◆ Provided data:
- Opening Delimiter -
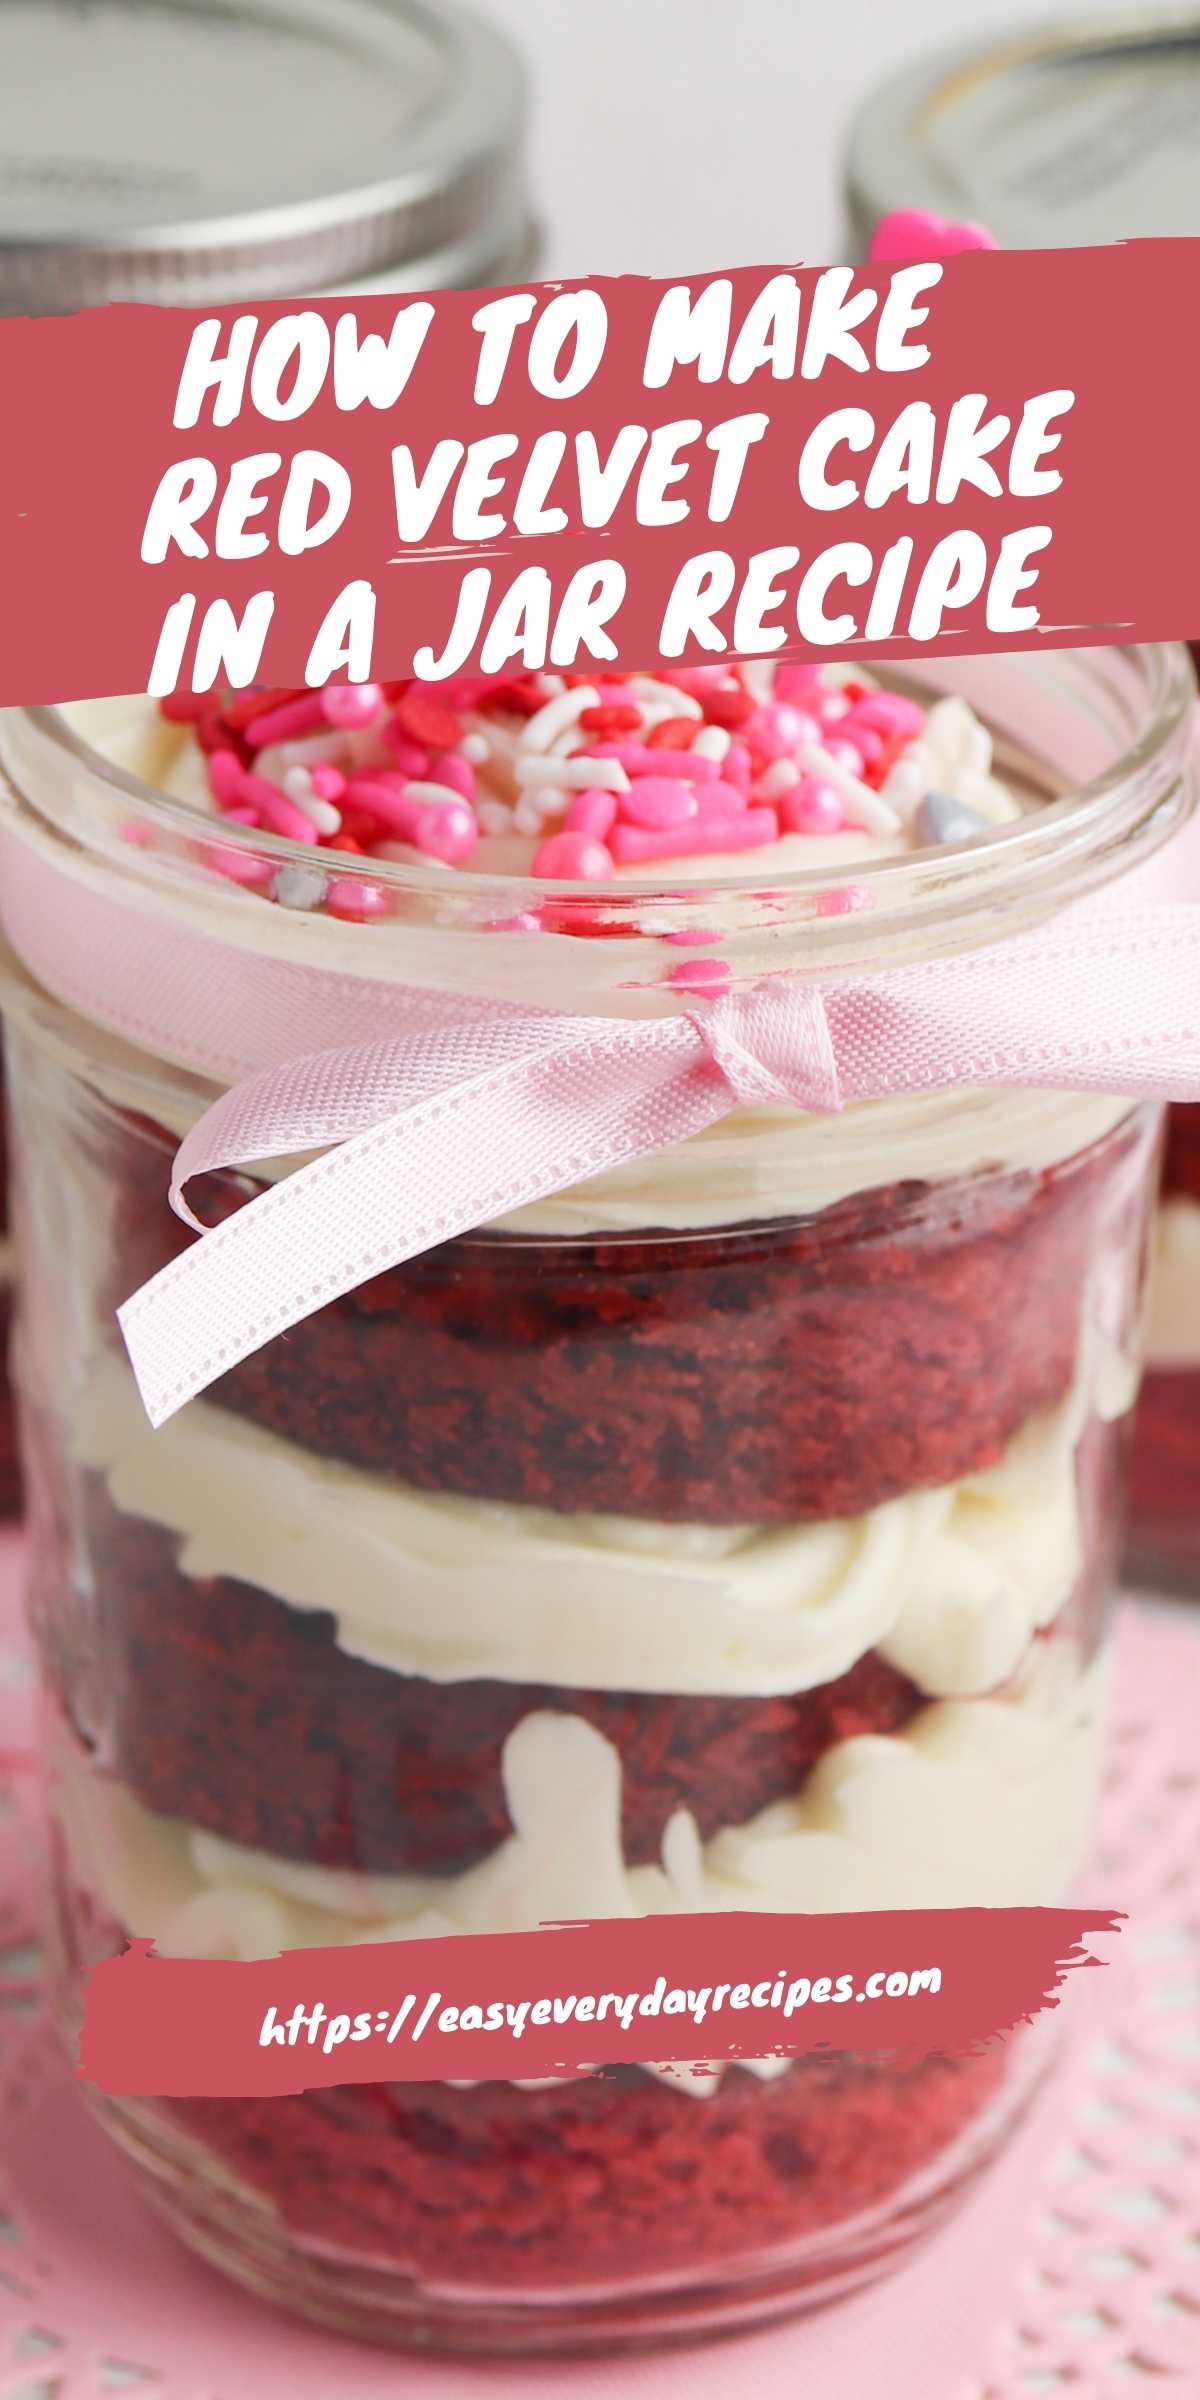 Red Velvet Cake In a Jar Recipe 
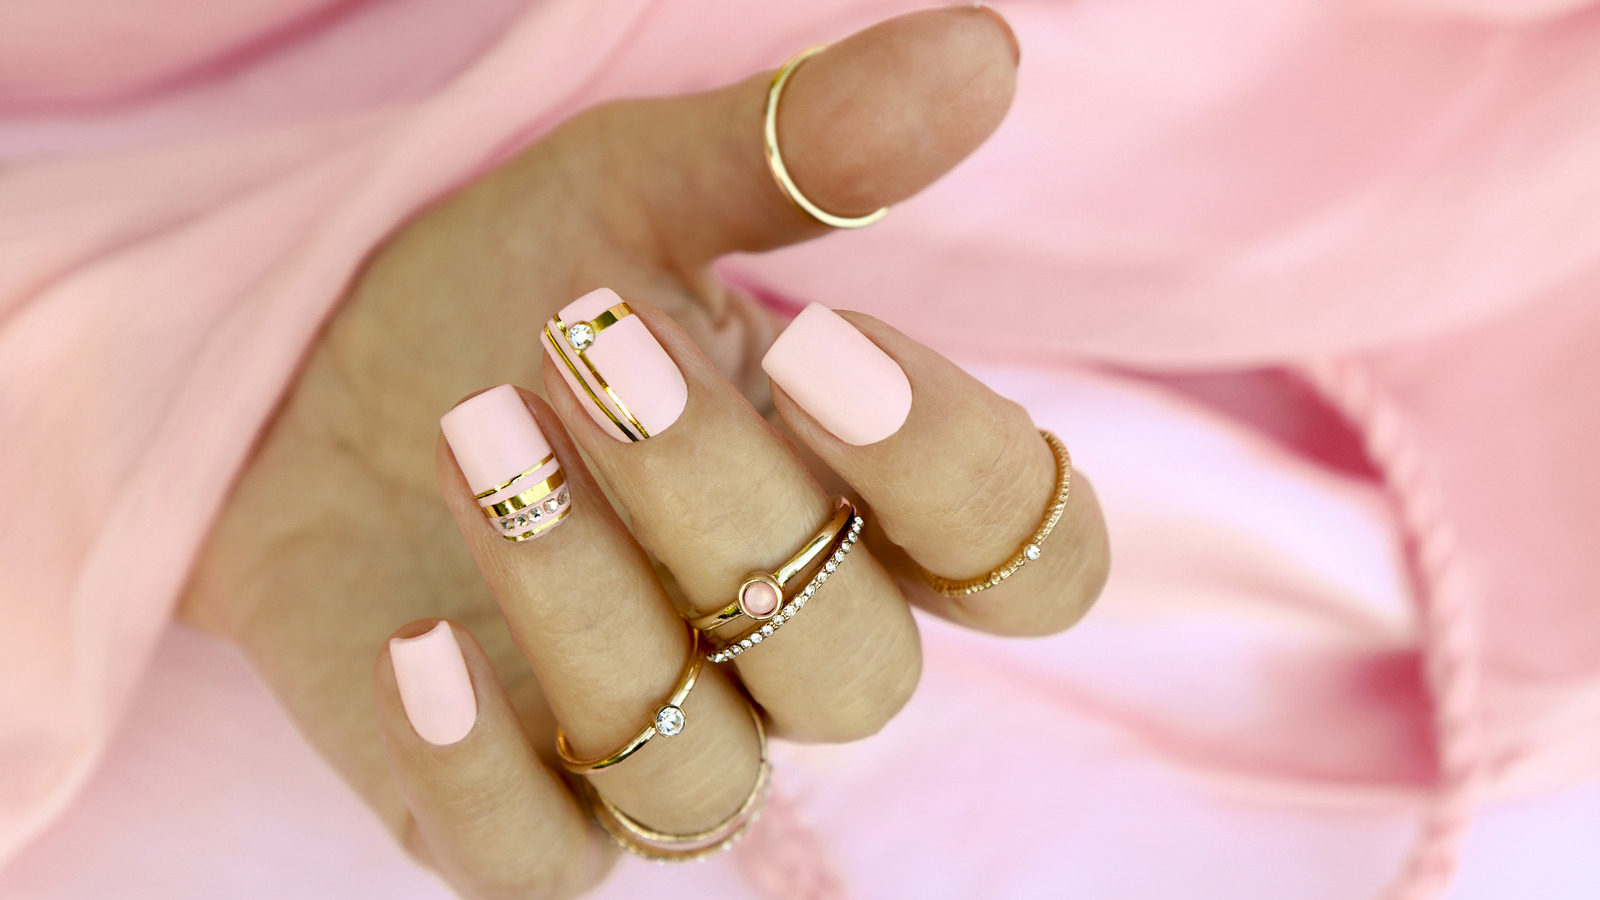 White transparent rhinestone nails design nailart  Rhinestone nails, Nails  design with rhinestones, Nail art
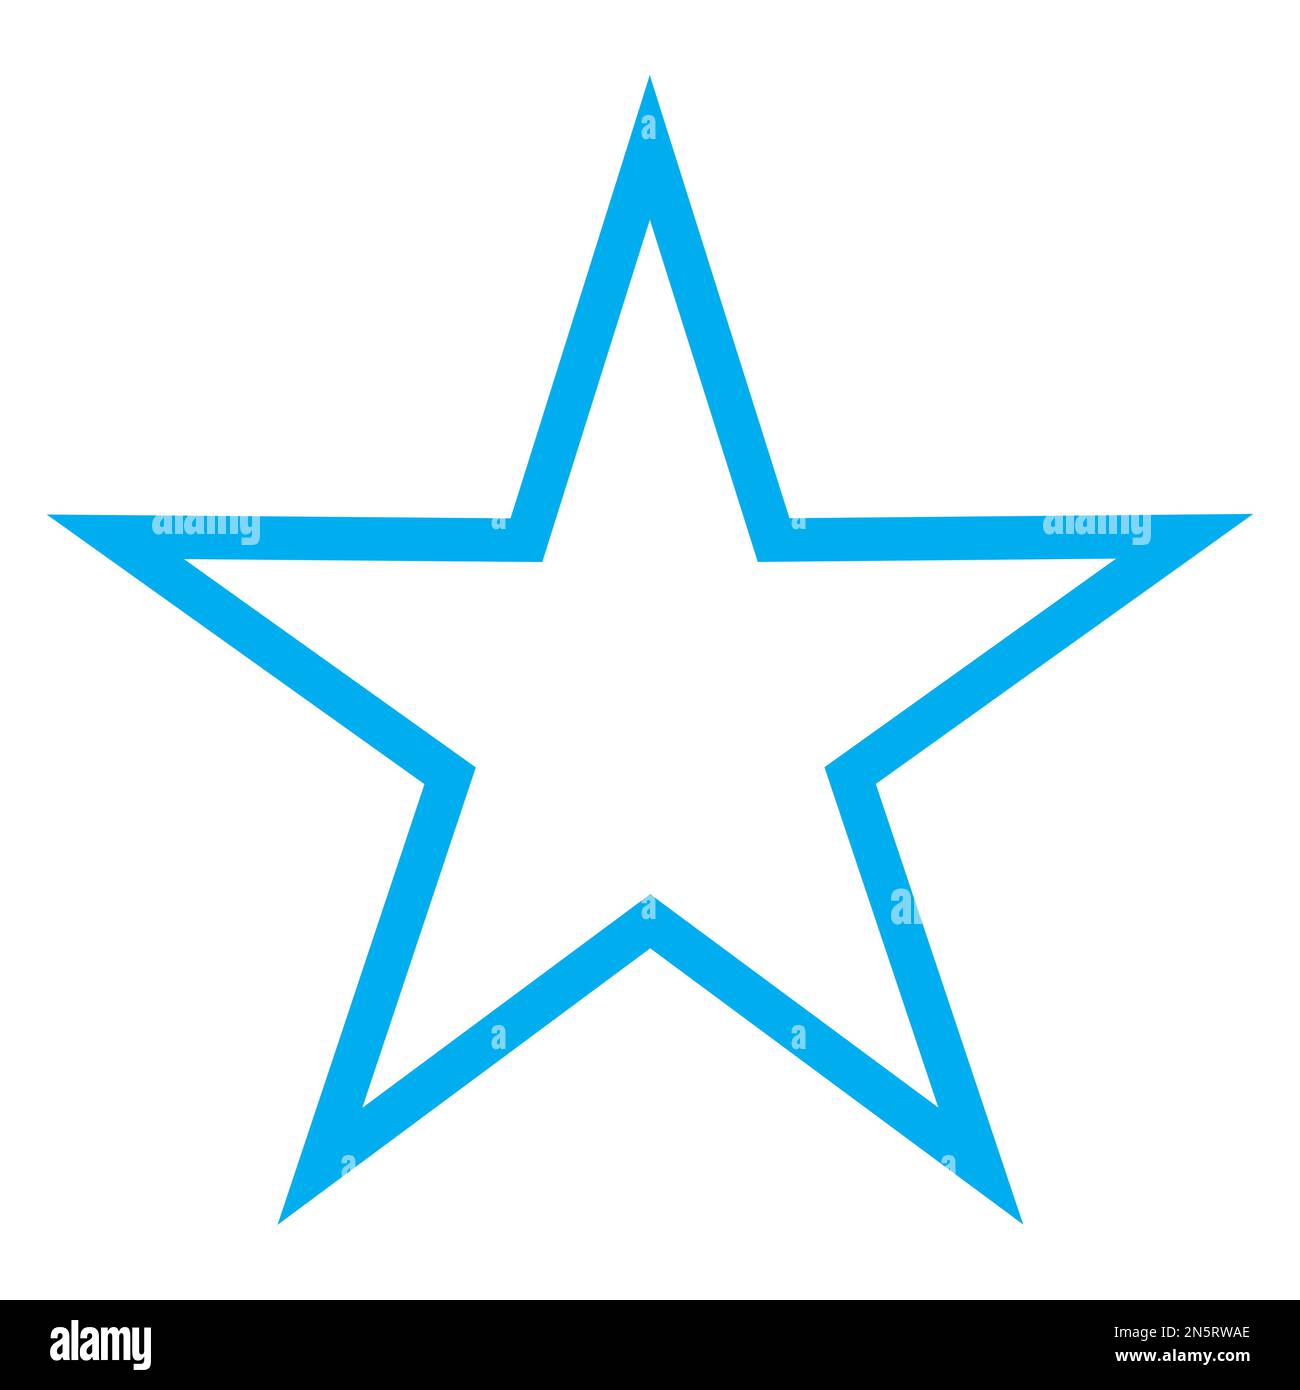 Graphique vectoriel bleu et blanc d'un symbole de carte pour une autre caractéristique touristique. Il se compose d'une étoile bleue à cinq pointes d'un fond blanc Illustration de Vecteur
- Closing Delimiter -
◆ Your goal: The result should be an exact copy of the material, containing no pictures.

◆ Solution to this problem:
 Red Velvet Cake In a Jar Recipe 
 White transparent rhinestone nails design nailart  Rhinestone nails, Nails  design with rhinestones, Nail art
 Graphique vectoriel bleu et blanc d'un symbole de carte pour une autre caractéristique touristique. Il se compose d'une étoile bleue à cinq pointes d'un fond blanc Illustration de Vecteur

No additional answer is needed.